UPDATE 2-Brazil takes emergency steps to boost liquidity, bank lending hit by coronavirus

(Adds banks’ decision to extend loan payments for 60 days, quotes)

By Jamie McGeever, Marcela Ayres and Carolina Mandl

BRASILIA, March 16 (Reuters) – Brazil on Monday approved a raft of measures to combat the economic and financial damage from the coronavirus, boosting liquidity in the financial system, maintaining the flow of credit in the economy and expanding banks’ lending capacity.

The National Monetary Council CMN, Brazil’s highest economic policy body comprising the economy minister and central bank president, approved the measures after an emergency meeting.

The new steps will allow banks to offer those firms and households in good financial shape increased loans and better terms over the next six months.

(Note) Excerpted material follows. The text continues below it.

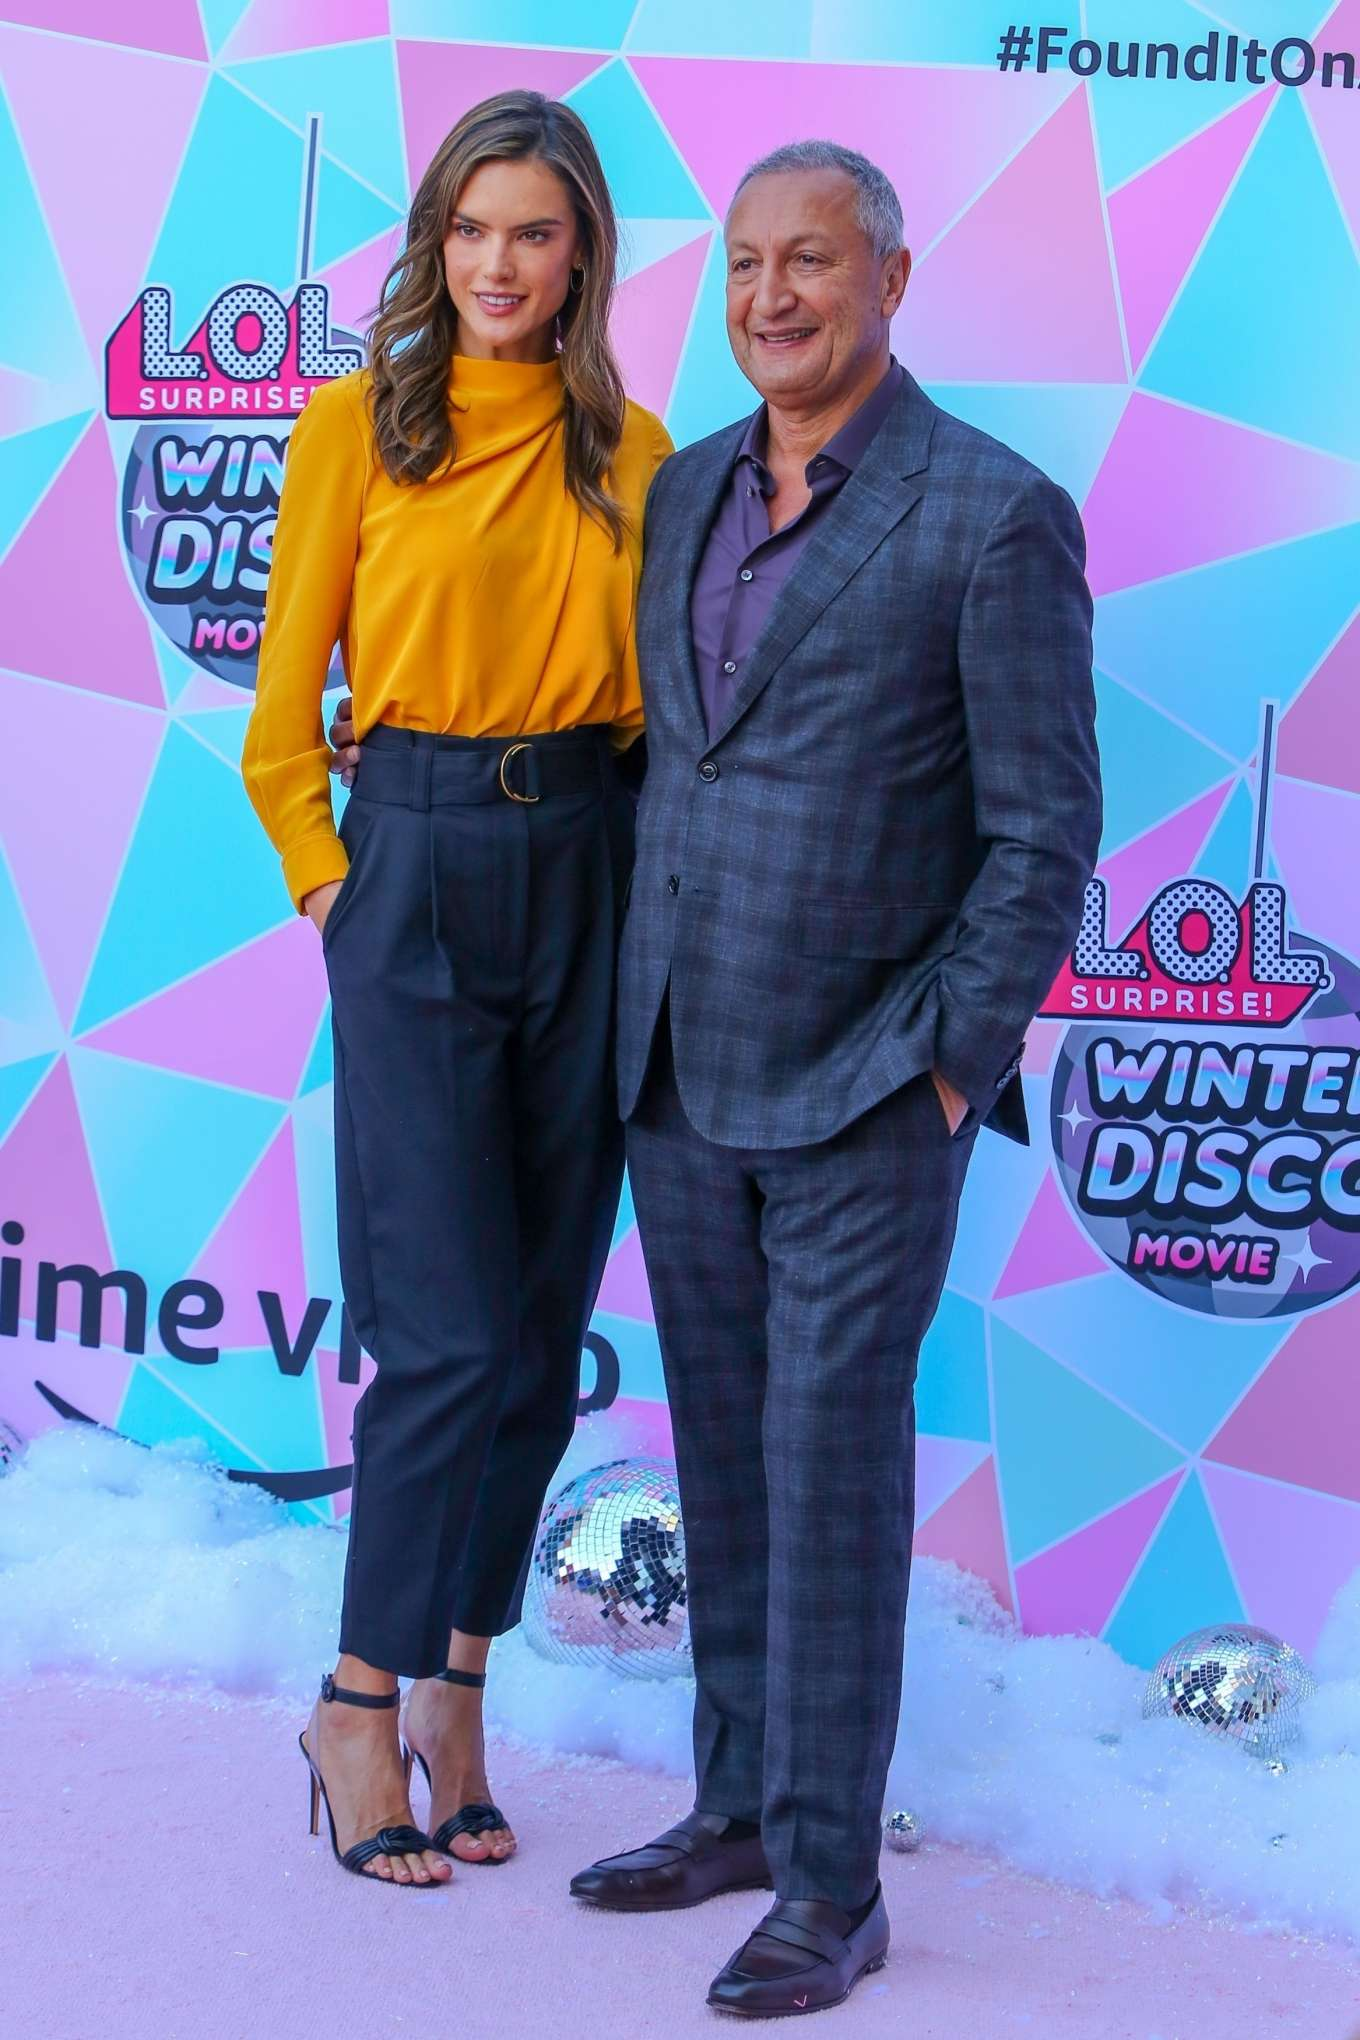 Alessandra Ambrosio 2019 : Alessandra Ambrosio – Amazons LOL Surprise Winter Disco movie-06

This could apply to up to 3.2 trillion reais ($640 billion) of loans, the central bank said.

The new rules allow banks to extend loan maturities for the next six months without requiring them to increase loan-loss provisions.

Brazil’s five biggest lenders – Banco do Brasil SA , Caixa Economica Federal, Itau Unibanco Holding SA , Banco Bradesco SA and Banco Santander Brasil SA – will comply with requests from individuals and small companies to extend loan payments for 60 days, according the banks’ lobby association Febraban.

In addition, a 56 billion reais relaxation in banks’ capital requirements could free up a potential 637 billion reais for fresh lending across the economy, the central bank said.

The central bank estimated that these measures will boost liquidity throughout Brazil’s financial system by around 135 billion reais.

“These are proactive measures, countercyclical steps which will help companies and households face the effects of COVID-19,” the central bank said in a statement. “These are measures in line with action taken by the federal government and other international financial regulators.”

The central bank said it will continue to monitor financial market and economic developments, and will not hesitate to use its full range of tools to ensure the smooth functioning of markets and the economy.

“This arsenal includes several instruments, for example … reserve requirements, currently around 400 billion reais. The $360 billion in international reserves is also a cushion that serves to ensure liquidity and smooth functioning of the foreign exchange market,” the central bank said.

The impact of the measures remained unclear.

“All actions are positive, as they will increase liquidity for individuals and companies, but it is difficult to know if banks will extend loans after this,” Ricardo Gelbaum, head of the Brazilian Association of Banks (ABBC), which represents roughly 80 small and mid-sized lenders.